There are several structure–activity relationships that give Calanolide A its desired anti-HIV activity. A very specific stereochemistry and optical rotation is required for its anti-HIV activity. Besides, racemic mixture of Calanolide A with its enantiomer (±)-12-oxocalanolide A is more active than Calanolide A alone. A C-12 heteroatom is also needed for the activity while medication of C-4 can affect its anti-HIV properties. Hydrogenation of C-7 and C-8 has little effect on its activity. In 2017, F18, a structural analog of Calanolide A could have more potent anti-HIV activity than original molecule.

==Biosynthesis==
The biosynthesis of Calanolide A in plants is not completely understood. The Calanolide A is synthesised from a precursor molecule L-phenylalanine. The precursor molecule then is converted into umbelliferone.
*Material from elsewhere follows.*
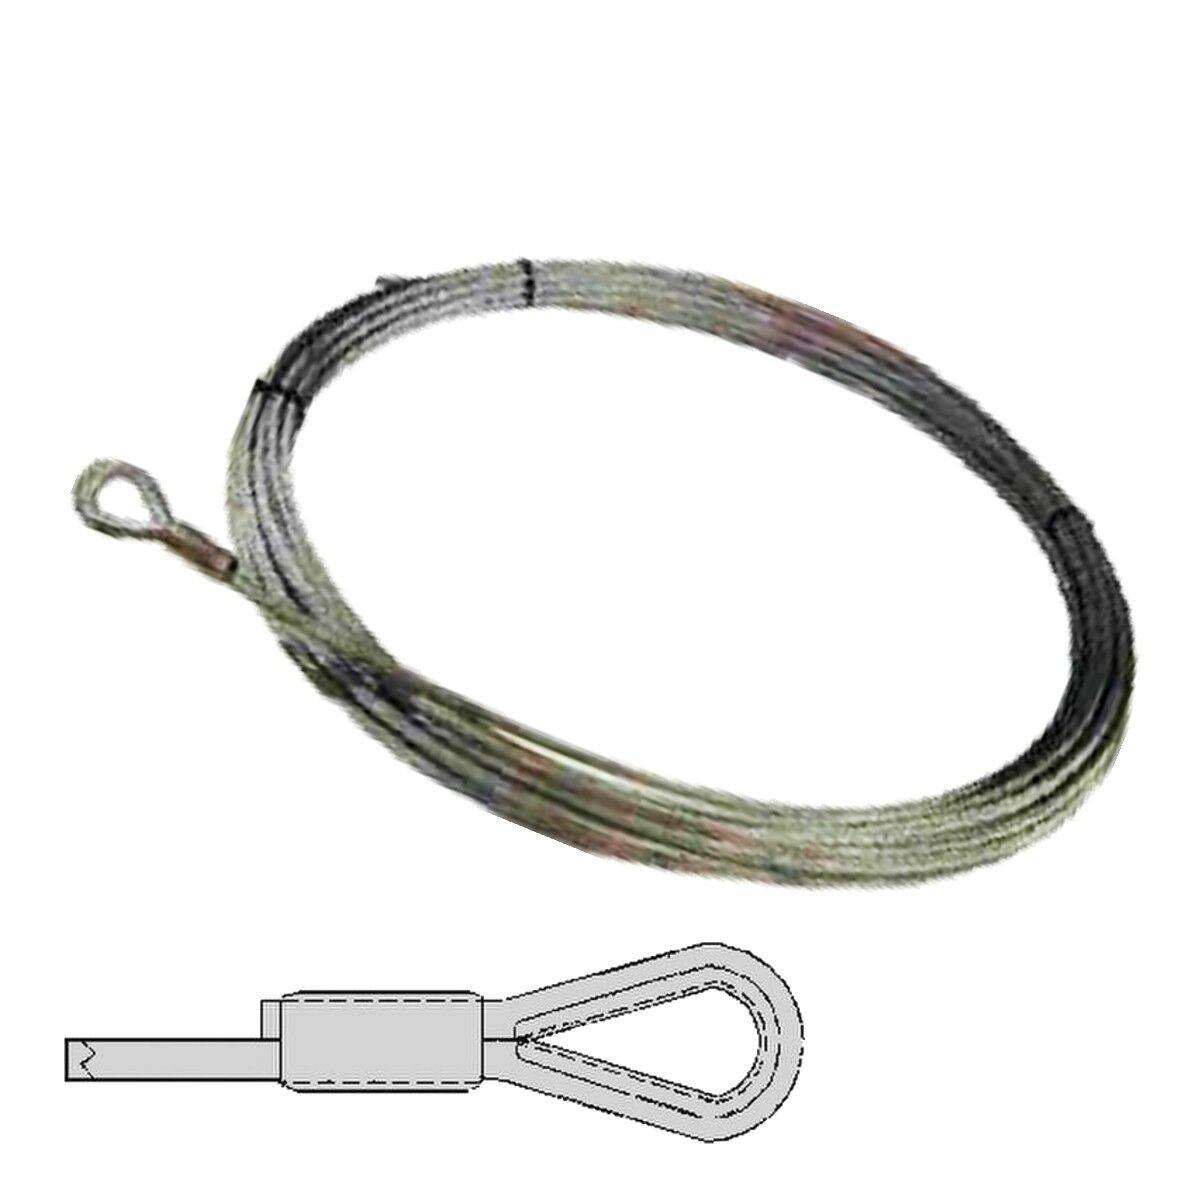 Seilbahn Seil 19x7, 41m Länge Zubehör mit Kautsche

After that, the umbelliferone molecule go through two pathways: either being converted into 5,7-dihydroxycoumarin or osthenol before being converted into dipetalolactone (a pyranocoumarin). Dipetalolactone is then converted into 3-propyl-intermediate. Through Wagner–Meerwein rearrangement reaction, the propyl intermediate is converted into Calanolide A, B, or C with the help of p450 monooxygenase enzyme.

==Pharmacodynamics==
The drug has half-life of 20 hours. The drug is metabolised by cytochrome P450 CYP3A.

==Mechanism of action==
Calanolide A is unique among non-nucleoside reverse transcriptase inhibitor (NNRTIs) in that it can bind to two distinct sites on HIV reverse transcriptase enzyme. It may either bind to one or another site in the reverse transcriptase, but not both sites at the same time. The two sites are active site (binding site for 1-ethoxymethyl-5-ethyl-6-phenylthio-2-thiouracil) and Foscarnet (also known as phosphonoformic acid) binding site of the reverse transcriptase enzyme. The drug also acts synergistically with nevirapine in inhibiting HIV-1 virus. Besides, Calanolide A is also a partially competitive inhibitor of dNTP (deoxyribonucleotide triphosphate) binding site of the enzyme. However, mutated T139I reverse transcriptase is resistant to Calanolide A action.

==Therapeutic potential==
Calanolide A is active against HIV-1 virus but ineffective against HIV-2. It is also active against resistant strains of HIV such as eAZT-resistant G-9106 strain of HIV-1 and pyridinone-resistant A17 strain. It is also active against NNRTI-related mutations of K103N and Y181C. Calanolide A, Costatolide, and dihydrocostatolide can be used together with azidothymidine (AZT), indinavir, nelfinavir, and saquinavir for enhanced activity against the HIV-1 virus.

Although initially, Calanolide A did not show any activity against cancer cell lines in the 1980s, later experimentation in 2003 showed antiproliferative and antitumor-promoting property through inhibition of TPA-induced EBV-EA activation in Raji cell lines. TPA (12-O-Tetradecanoylphorbol-13-acetate) is a tumour promoter used in biomedical research. EBV-EA is Epstein–Barr virus early antigen.

In 2003, the Calanolide A compound was found to have anti-tuberculosis activity. It is active against both drug-susceptible and drug resistant strains of mycobacteria such as H37Ra and H37Rv strains. The antitubercular activities of Calanolide A is comparable to isoniazid and is active against rifampicin and streptomycin resistant M. tuberculosis strains.

==Side effects==
Calanolide A has a relatively good safety profile. A Phase I clinical trial done in 2001 on 47 healthy subjects showed that the side effects were taste alteration, headache, belching, and nausea.